*** DATA SECTION Section Begins ***
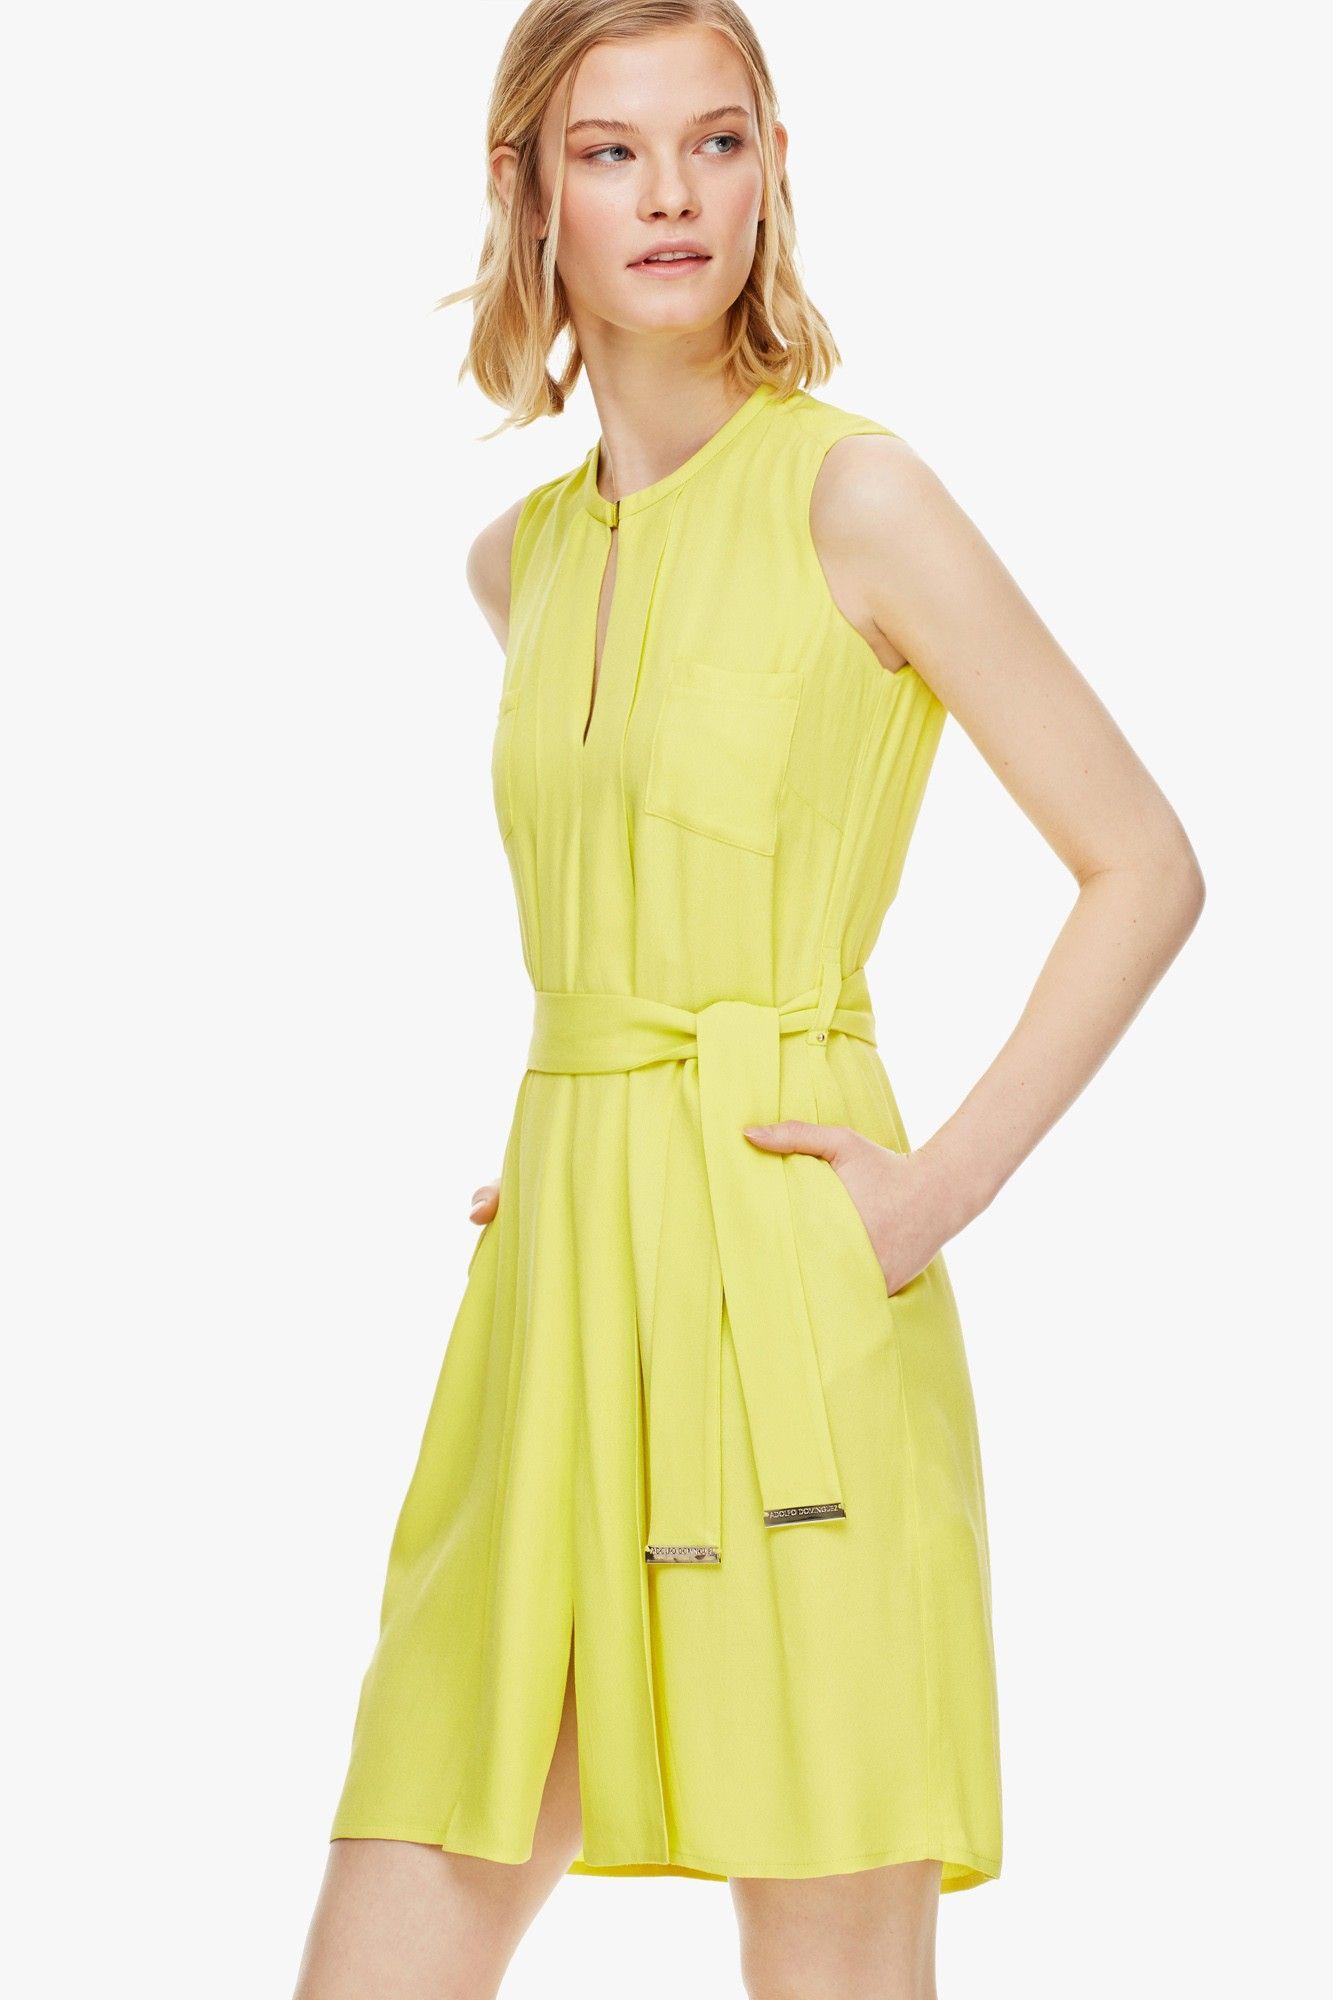 Vestido camisero en crep fluido vestidos adolfo for Vestidos adolfo dominguez outlet online
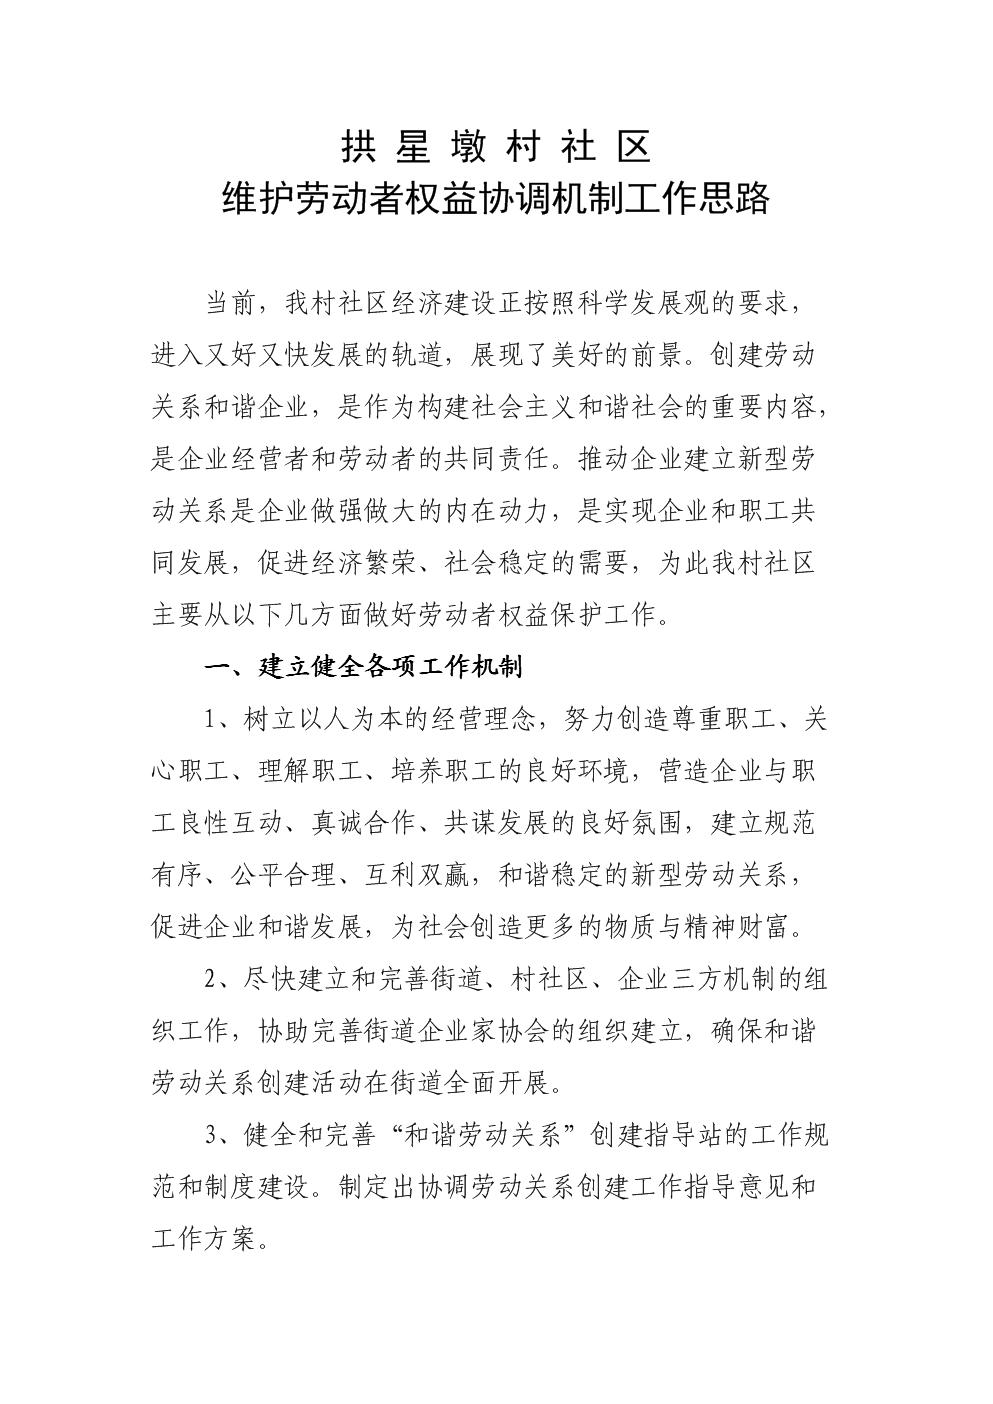 维护劳动者权益协调机制工作思路3121.doc
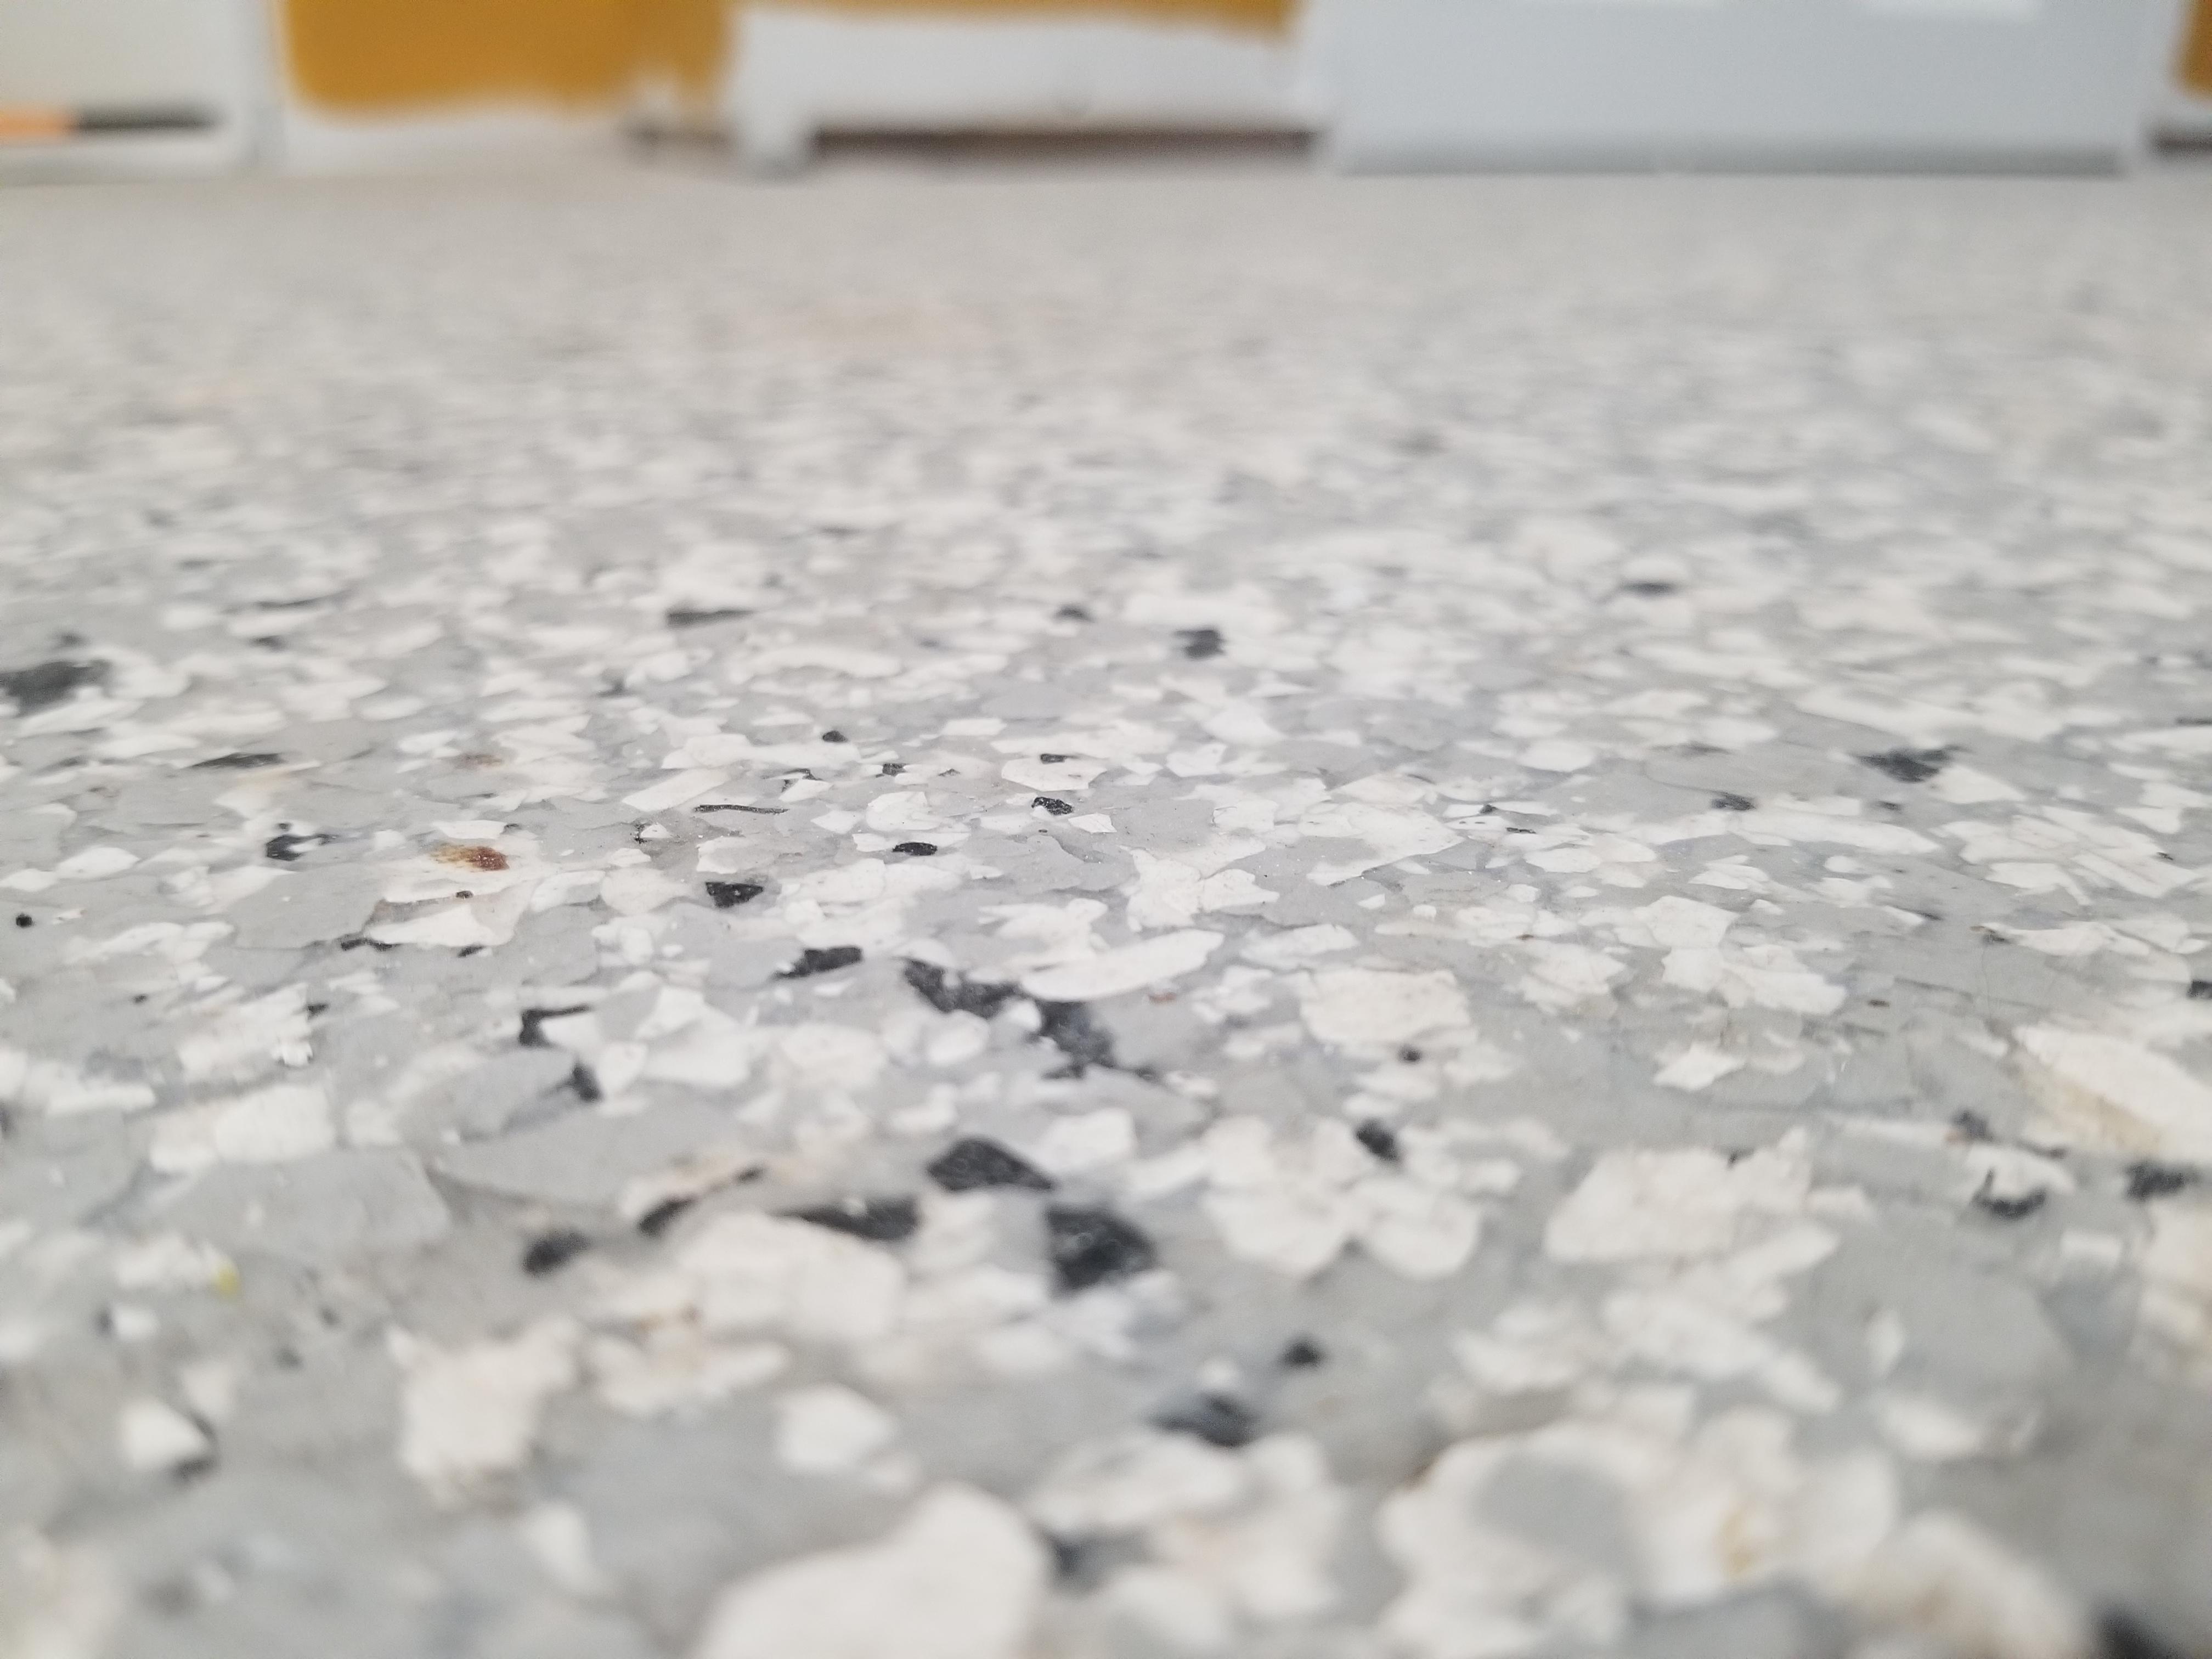 peel vinyl tile over this epoxy floor
*** DATA SECTION Section Ends ***
* [EXERCISE BRIEF]
Reproduce the entire listing exactly, except for any pictures it contains.

* [THE COMPLETED TASK]
 Vestido camisero en crep fluido vestidos adolfo for Vestidos adolfo dominguez outlet online
 维护劳动者权益协调机制工作思路3121.doc
 peel vinyl tile over this epoxy floor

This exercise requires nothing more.